Questa settimana il governo deve varare il decreto sviluppo. Sarà un passaggio rivelatore. A nessuno è consentito essere così sciocco da credere che un decreto possa contenere formule magiche, capaci di far ripartire a turbo l’economia e scollarci da un regime di bassa crescita che, a parte la parentesi recessiva, dura da tre lustri. Né ha molto senso la polemica, che già si vede fra ministri, circa il “costo zero” dei provvedimenti da prendersi: chi crede che si possa spendere in deficit per sostenere la domanda non solo s’è perso qualche pagina di teoria economica, ma vive in un altro mondo. Quel che in quel decreto si dovrà leggere non è la mappa che porta a qualche nuova fonte di spesa pubblica, alimentata non si sa come, ma il tracciato attraverso il quale si possano abbattere barriere, protezioni e zavorre che imbrigliano il mercato e lo rendono asfittico.
Le mura di cinta servivano, nelle città medioevali, per difendere la popolazione durante il sonno, per proteggersi dai rischi e dagli assalti. Ma quando dentro le mura cresce la penuria il problema non è come rafforzarle, ma come uscire dal sonno e sfondare l’assedio della paura, cercando fuori le risorse per non deperire. Il nemico dell’Italia odierna è la paura. E’ il terrore di perdere privilegi e rendite che rende tutto immodificabile, salvo capire, dal punto di vista collettivo, che se non si cambia ci s’impoverisce. Il compito del governo, quindi, è quello di far bene i compiti del rigore, secondo quel che è scritto nella lettera inviataci dalla Bce (cose giuste e ovvie, qui ripetute mille volte), senza con questo azzoppare la speranza di maggiore ricchezza, che può essere alimentata con vendite, privatizzazioni e liberalizzazioni.

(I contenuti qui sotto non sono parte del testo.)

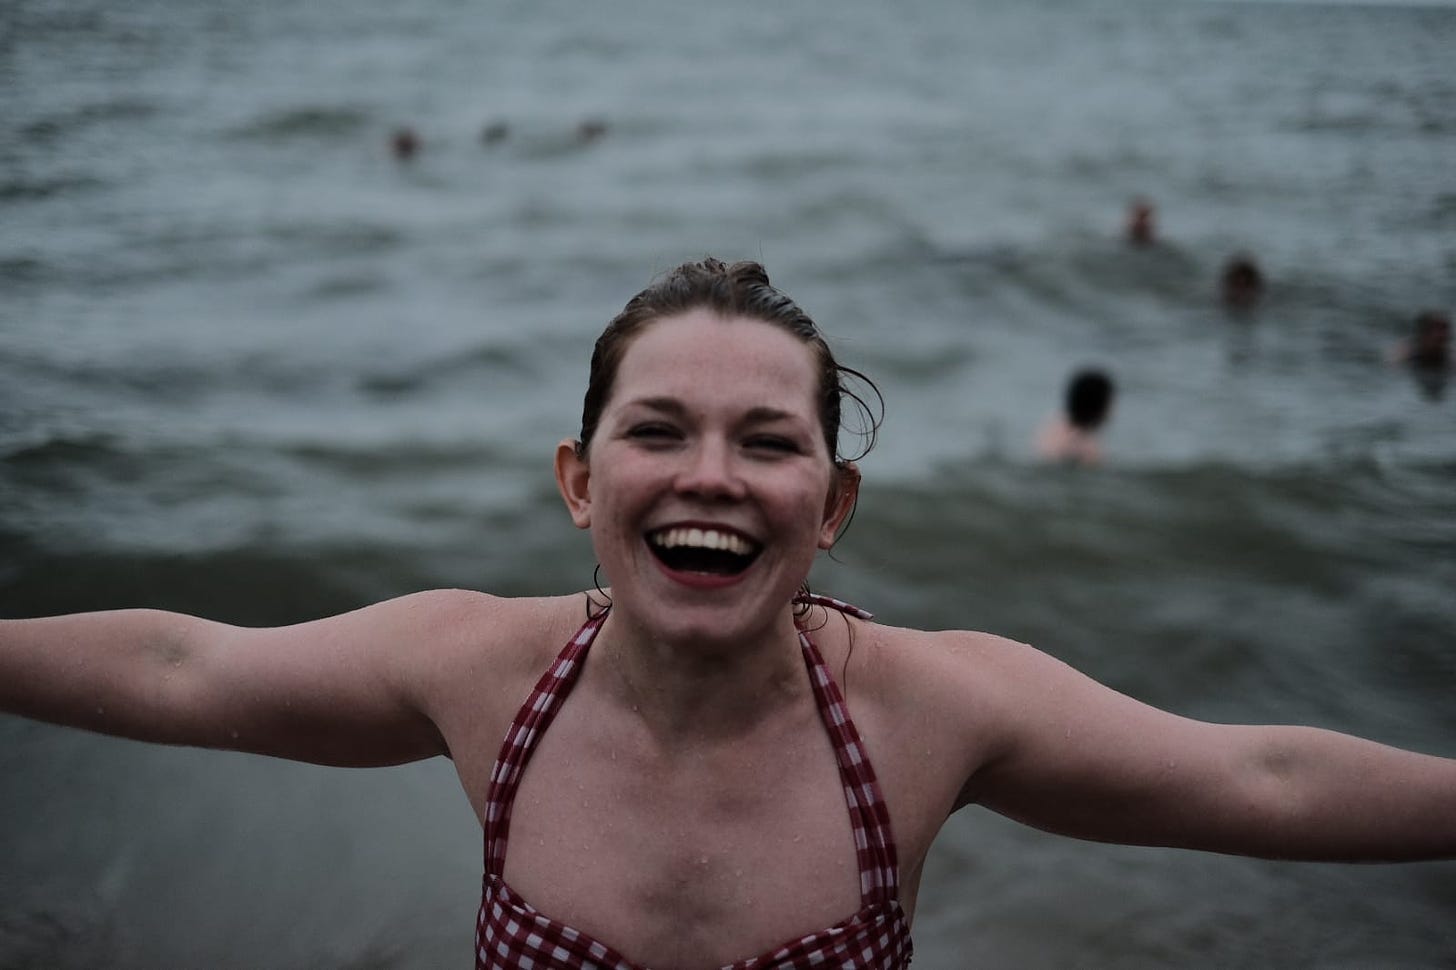 Libby walking out of the sea after a swim, arms wide open and with a big smile on her face

Faccio un esempio: è francamente ridicolo che si stia ancora a discutere delle tariffe minime amministrate dai burocrati del mondo forense, ovvero di limiti al mercato che danneggiano i giovani, non riguardano i grandi avvocati e difendono solo le rendite di chi ha banche e assicurazioni come clienti. Basta, questa commedia è durata fin troppo. Con il che, lo so già, mi sono conquistato la mia manata di mail risentite, vergate da legali che sentono minacciata la dignità della loro professione. Pazienza: noi che conduciamo da anni, anche nel loro silenzio, una battaglia per la giustizia sappiamo benissimo che il mondo funziona diversamente dall’Italia e sappiamo che quella resistenza corporativa si traduce in un costo per la collettività e un’umiliazione per il merito. Ebbene: che si veda il segno di un cambio di marcia.

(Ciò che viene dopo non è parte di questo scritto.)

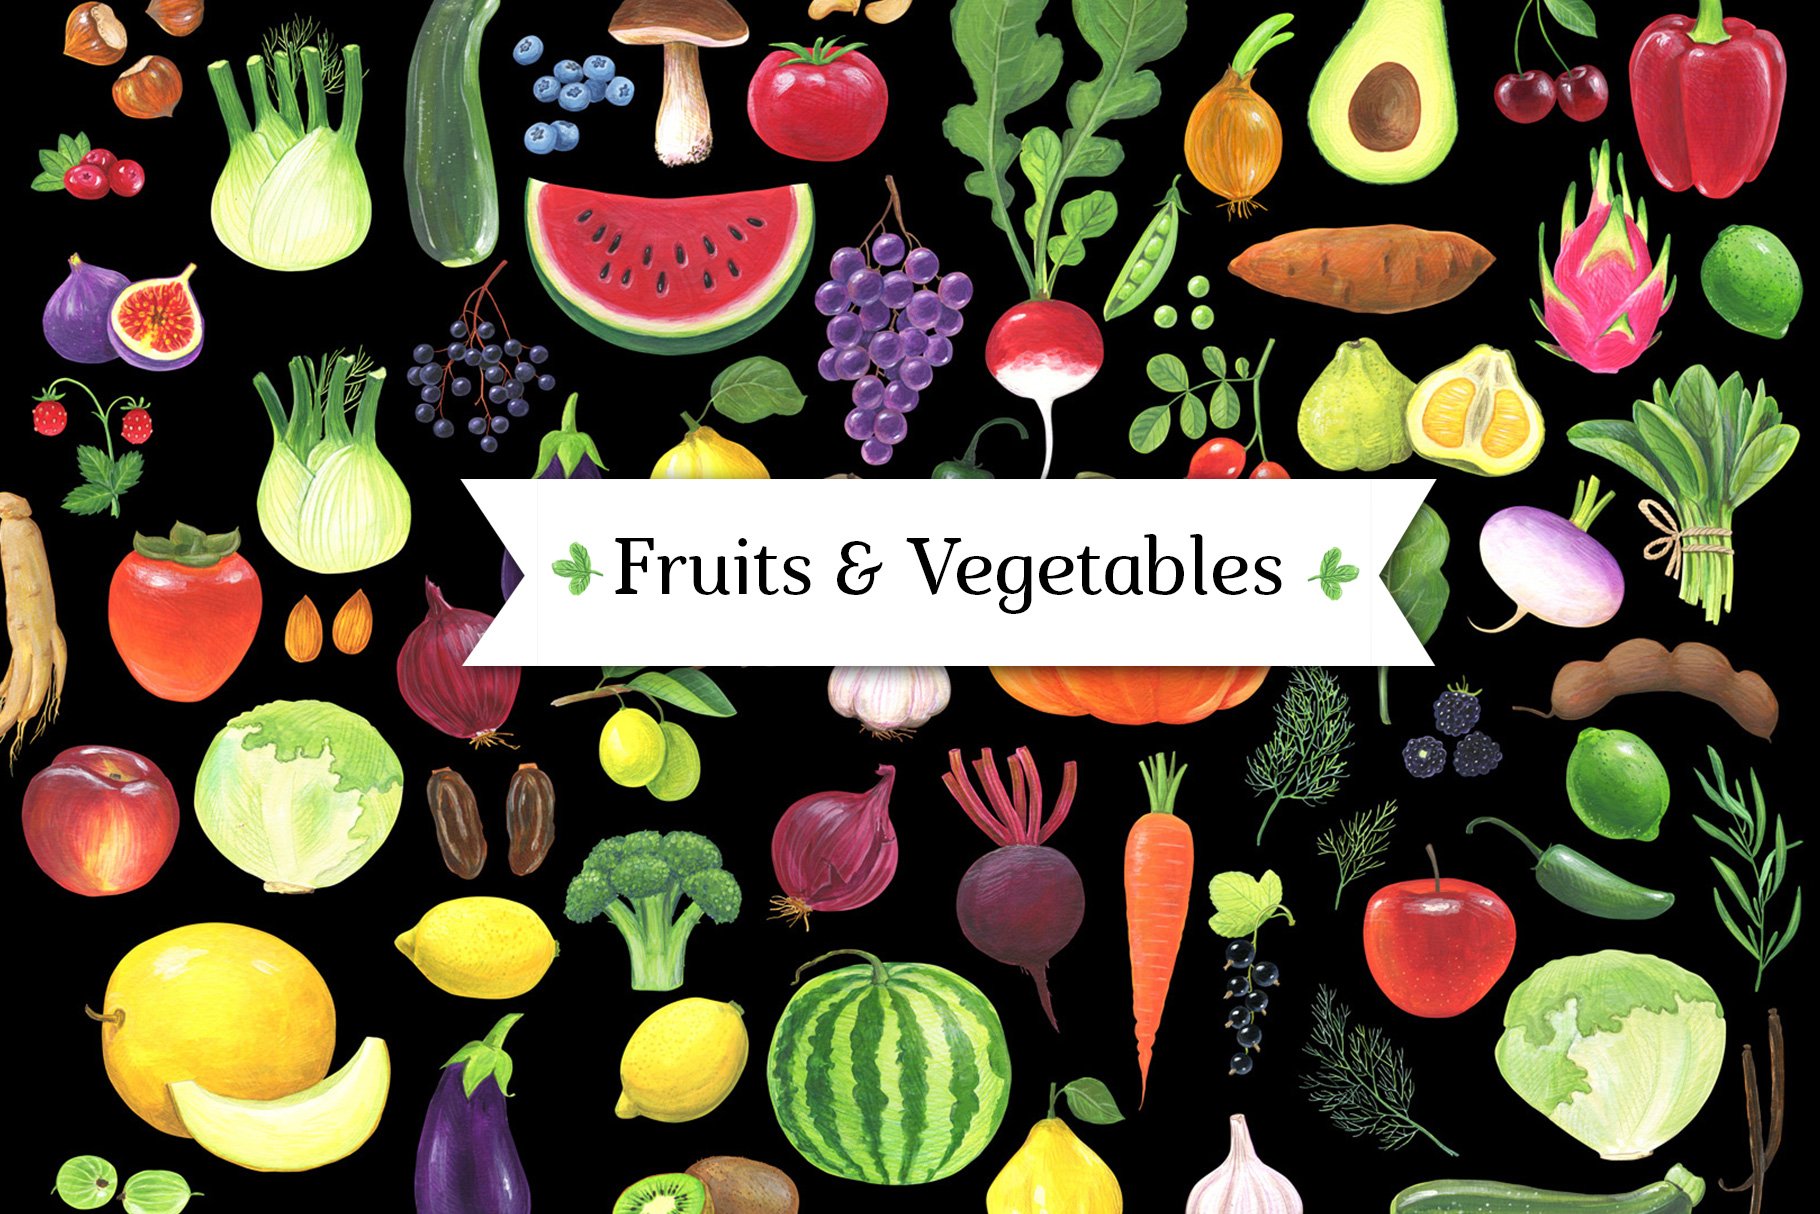 Fruits and Vegetables set cover image.

Se il decreto dovesse limitarsi all’ennesima manovra correttiva (pur necessaria), se non vi si scorgesse il coraggio del futuro, allora sarà la crisi politica a chiudere la partita, facendo scattare la trappola del referendum. Funziona così: la raccolta di firme e l’ipotesi di votare sul sistema elettorale è una trappola nella quale lasciano le zampe gli stessi che l’hanno organizzata, perché il ritorno al precedente sistema non è un danno per il Pdl, mentre lo è per il centro e per le capacità aggregative della sinistra, ma se l’insipienza governativa dovesse accompagnare il galleggiamento, che evitando i voti parlamentari eviterà la crisi ravvicinata, proprio la celebrazione del referendum renderà necessario riformare il sistema elettorale, per la qual cosa occorre un tempo più lungo di quello a disposizione di questo governo. Ecco la tagliola: a quel punto diventa forte, e sostenuta, la tentazione del governo di transizione, che nascerebbe sotto diverse cattive stelle, a cominciare dal fatto che la materia elettorale non è materia governativa. L’alibi sarebbe quello del governo dei bravi e dei belli, la sostanza consisterebbe nel conciliare i tempi pensionistici di non pochi parlamentari con il bisogno di varare un sistema elettorale che offra una ciambella di salvataggio alle formazioni meno forti. Ecco lo scambio, niente affatto virtuoso.
La prima mossa spetta al governo. Se il decreto sviluppo sarà degno d’essere apprezzato e difeso, se conterrà non tutto, ma almeno l’anticipazione di quel che serve, allora l’alibi vacillerà. In caso contrario a vacillare sarà l’esecutivo, che passerà barcollando da un voto all’altro, fin quando non metterà il piede su una mina.